The Goals have common themes such as the eradication of hunger being inherently tied to gender equality, access to water, sustainable consumption, climate change, and biodiversity. The aspirations for gender equality and female empowerment – the focus of SDG 5 – is also cited in 11 of the other 16 goals.

Old metrics need to be reconsidered. Given the correlation of access to energy with that to health, education, food, transport, communications, etc., improvement in humankind’s well-being may be a better measure of SDG 7’s success than energy consumption; for example, the average Indian consumes only 10% of the energy consumed by the average American. Industrialisation, excluded from the earlier MDGs, and the subject of SDG 9, is vital to job creation, which in turn alleviates poverty and promotes, gender equality, education, and social inclusion.

New Urban Agenda

Agenda 2030 promotes the New Urban Agenda4, extending the concepts of sustainable cities to local governance, tax justice, and public procurement; transparent, incorrupt, and environmentally and socially accountable.

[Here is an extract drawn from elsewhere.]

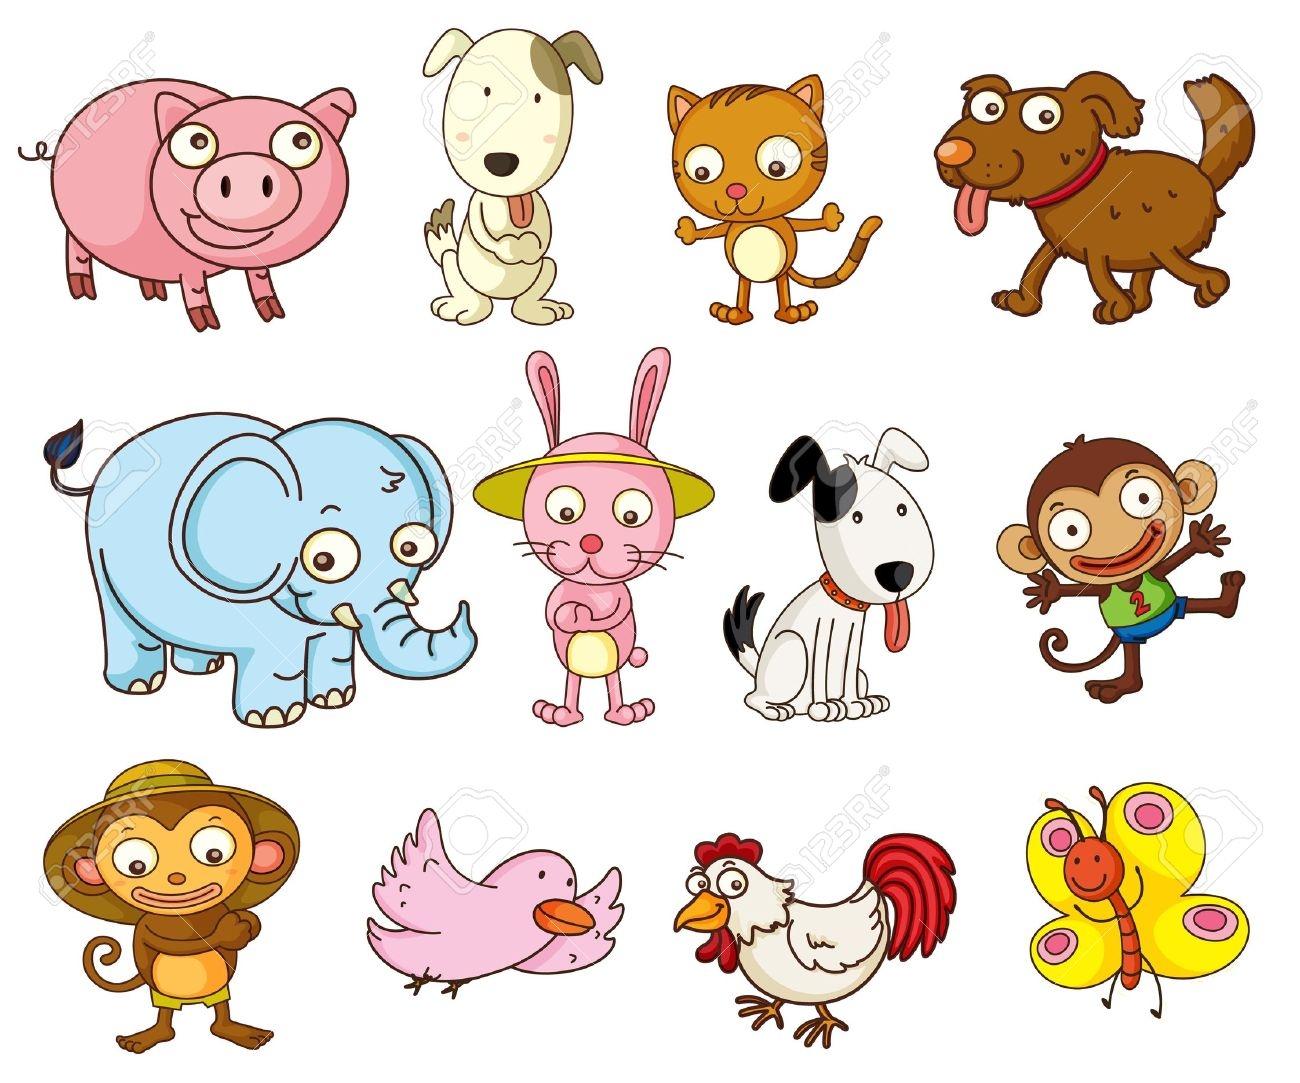 Animal clipart land animal Cartoon Animal animal Cartoon cartoon

Consensus also recognises that in the years 2025-2030, the Global Carbon Budget5 will be spent and the ‘tipping point’ – the point beyond which the severity of climate change impact expands exponentially – will be reached.

Presented on the side of UNFCCC6 COP21 in Paris in 2015 was the assessment of which countries were offering their ‘fair share’ of greenhouse gas emissions reductions. Russia provided zero contribution towards its fair share, Japan about 10%, the United States just under 20%, and the European Union just over 20%. Conversely, the majority of developing countries pledged reductions that meet or exceed their fair share. There is a clear lack of commitment by those nations that have already reaped the benefits of development.

Whether our great grandchildren will consider the Agenda 2030 SDGs the new start we achieved or the last chance we failed to take is not for us to decide. The biggest determinant is political will. Money is no longer an issue. As the BSDC concludes, “company leaders will never have a better moment in which to align their business objectives with creating a better world.”

The SDGs must become the focus of global economic policy, the focus that opens market opportunities and creates a world that is both sustainable and inclusive. Then, and only then, will the Earth, its public and private enterprises, and every one of us reap the rewards.